Die Caxirola hat gegenüber der Vuvuzela einen entscheidenden Vorteil: Sie ist nicht so laut. Brasilianische Wissenschaftler haben herausgefunden, dass es 30.000 Caxirola-Schüttler gleichzeitig bräuchte, um den Lärmpegel von nur einer Vuvuzela zu erzeugen. Auch wenn für den durchschnittlichen Fußballfan sicher die Formel „mehr Krach = mehr Spaß“ ihre Gültigkeit hat, ist das schwache Dezibellevel für die Durchsetzungsfähigkeit der Caxirola wahrscheinlich eher hilfreich. Denn nachdem sich in Südafrika die Stadien anhörten wie Schwärme extraterrestischer Monster-Hornissen, TV-Sender bei ihren Übertragungen mit den Lärmpegeln kämpften und wahrscheinlich weltweit die Ohrenärzte-Wartezimmer vor Vuvuzela-geschädigten überquellten, geriet die Tröte in Verruf. Die UEFA sprach ein Vuvuzela-Verbot für EM-, Europacup- und Champions-League-Spiele aus, auch einzelne Bundesligavereine verbannten sie.  

Aber auch wenn Erfinder Carlinhos Brown bei seiner Erfindung offenbar Lehren aus Südafrika gezogen hat, hat er nicht alles bedacht. Die Caxirola ist in den Stadien trotzdem verboten.

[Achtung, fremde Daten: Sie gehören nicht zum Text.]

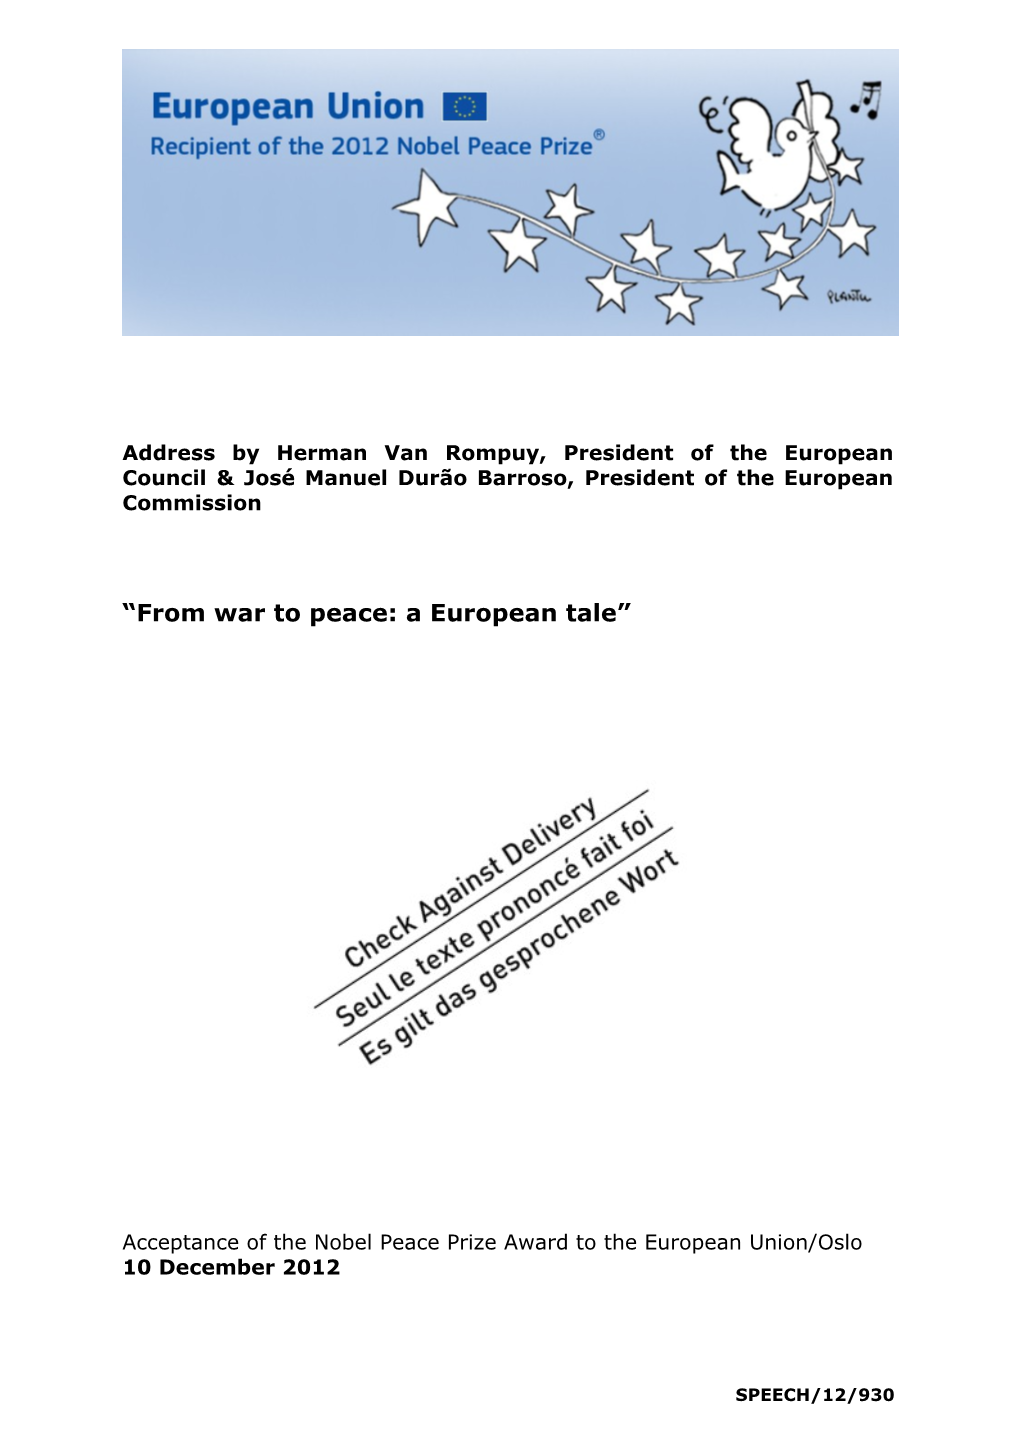 From War to Peace: a European Tale
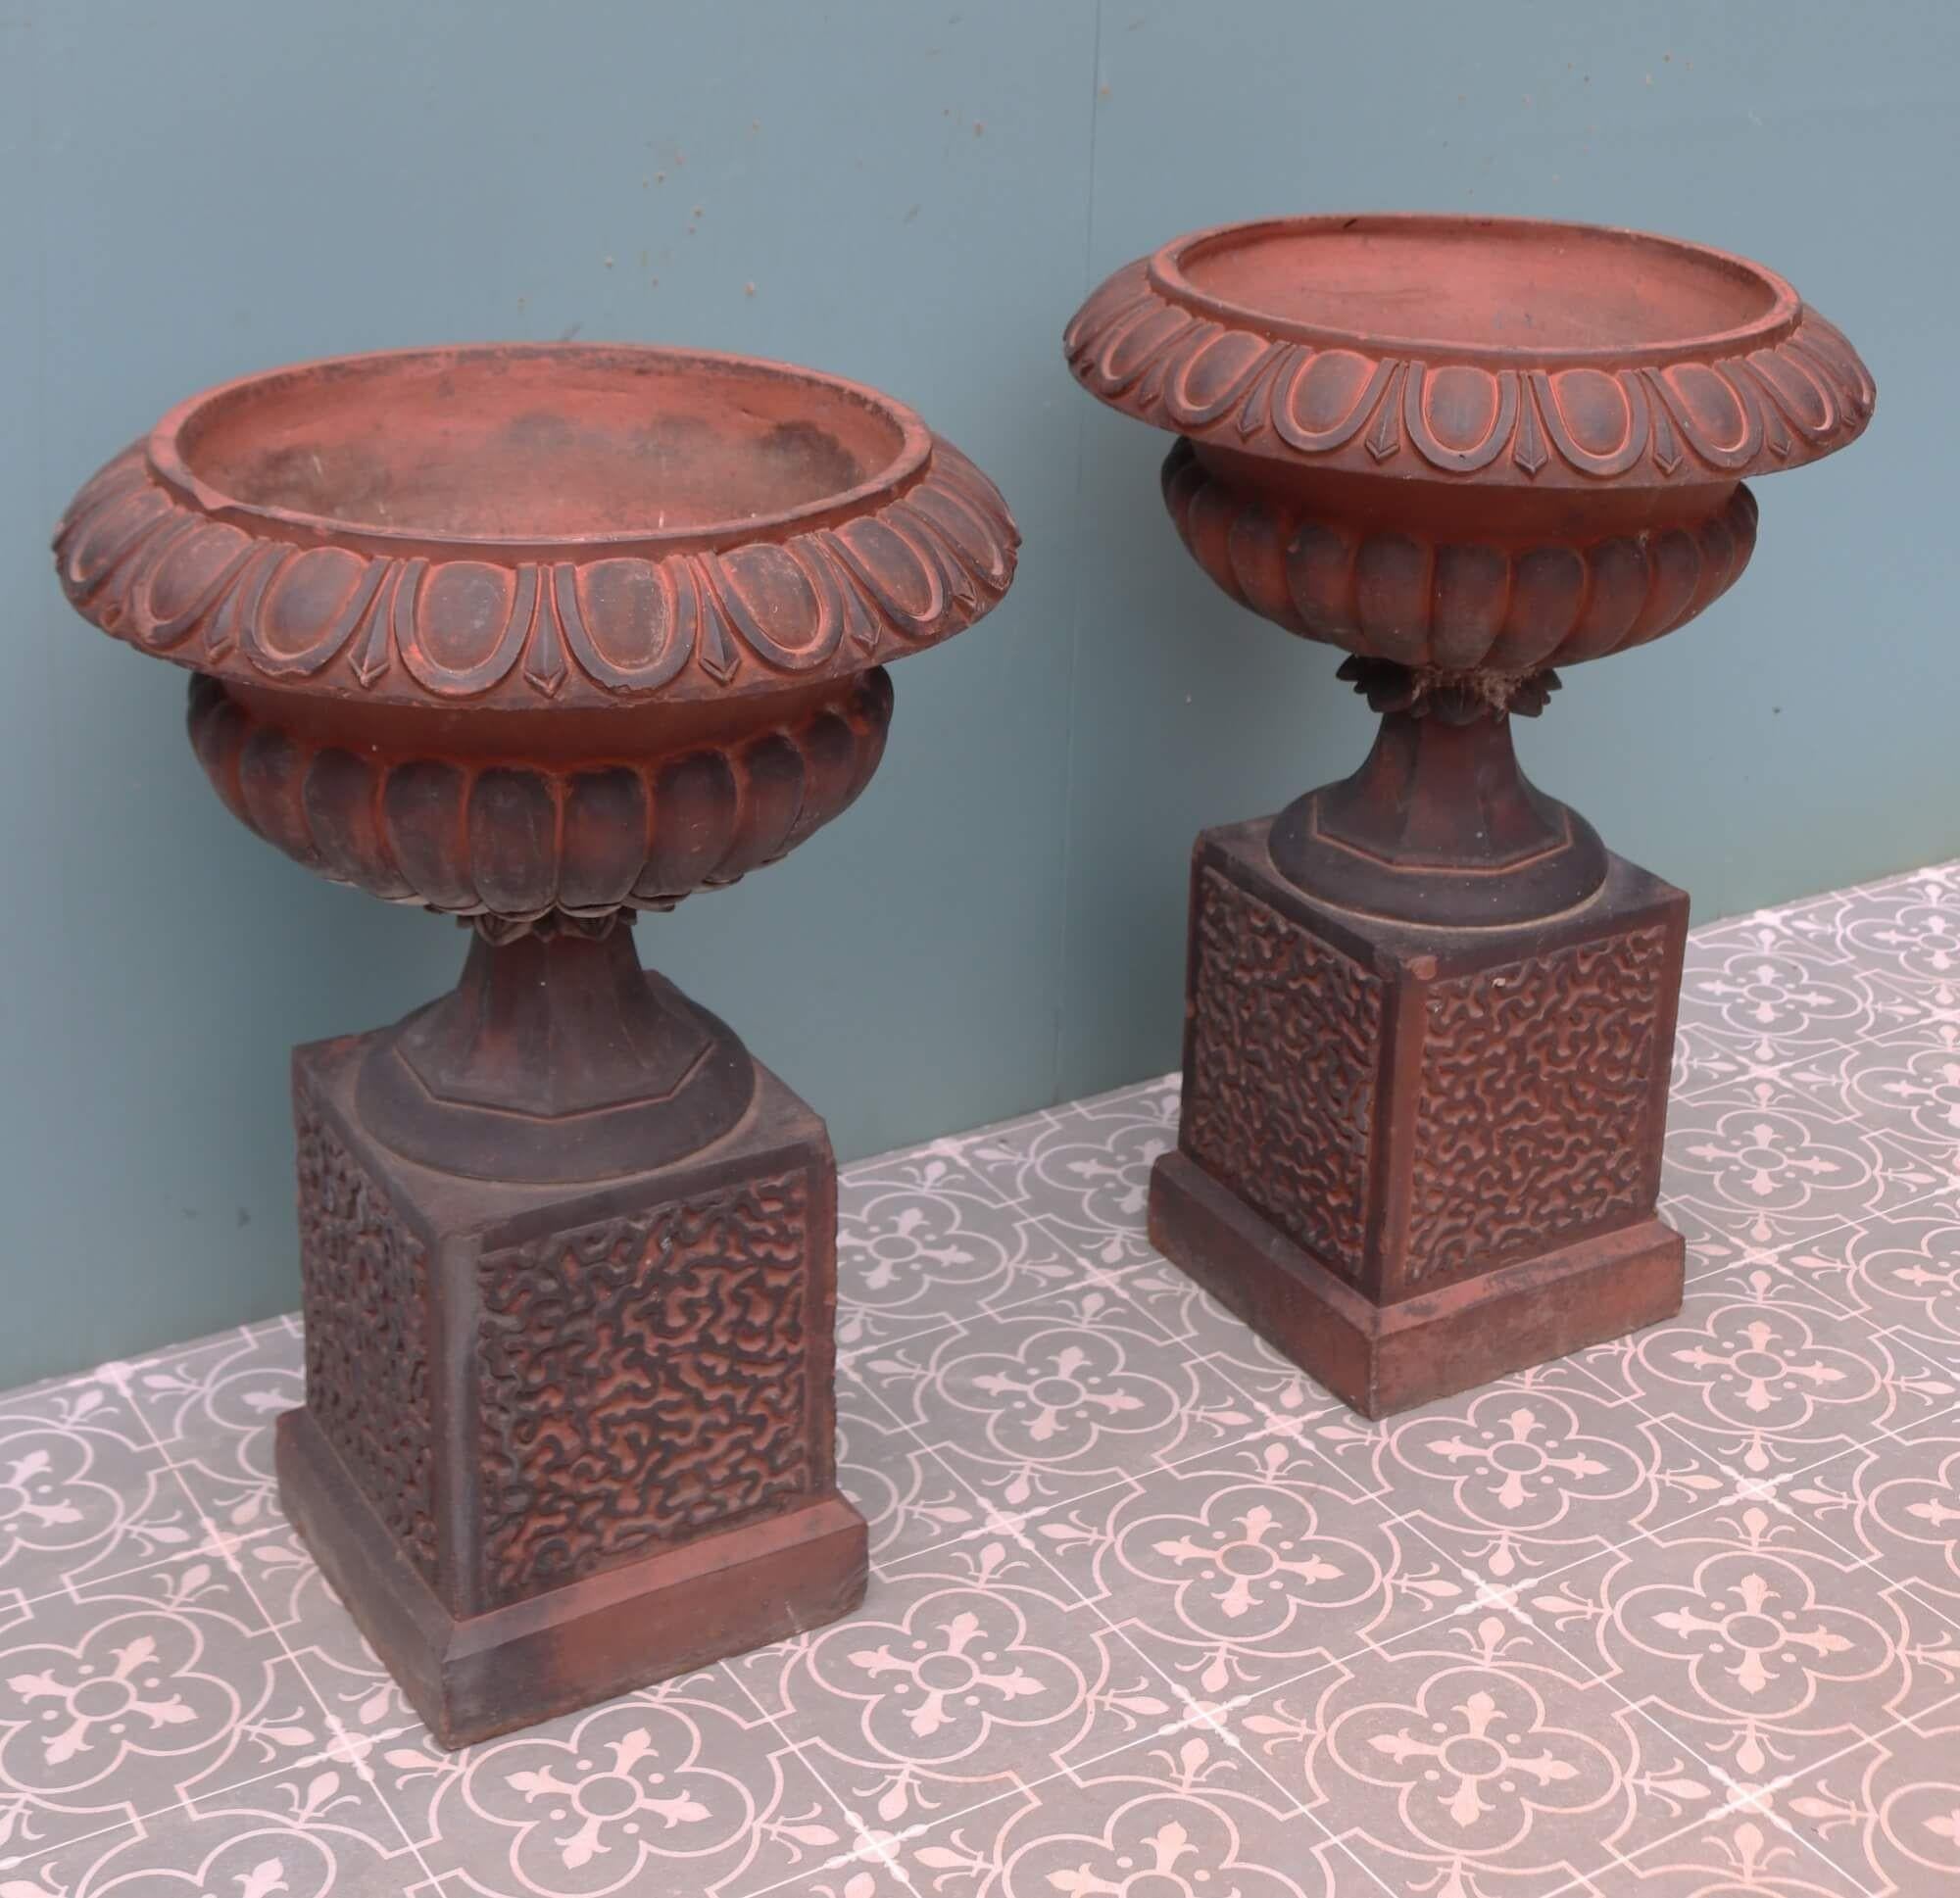 A Pair of Antique Garden Urn Planters in Terracotta In Fair Condition For Sale In Wormelow, Herefordshire

Ihr handgranatenartiges Äußeres inspirierte Fußballfans in Momenten großer Wut zu spontaner Zweckentfremdung: Bei einem Spiel zwischen E. C. Vitória and E. C. Bahia (zu dessen Fans übrigens Carlinhos Brown zählt) flogen Dutzende Caxirolas aufs Spielfeld, die Partie musste unterbrochen werden. Danach verbannte Brasiliens Justizminister das Instrument aus den WM-Stadien. Das offizielle WM-Instrument ist also offiziell verboten.  

Die WM in Brasilien wird bestimmt trotzdem eine klanglich eher ansprechende. Samba-Nation und so. Sorgen muss man sich vielleicht eher machen, welche Instrumente in den nächsten Jahren noch so auf uns zukommen. Die Weltmeisterschaften 2018 und 2022 sollen ja in Russland beziehungsweise in Katar stattfinden.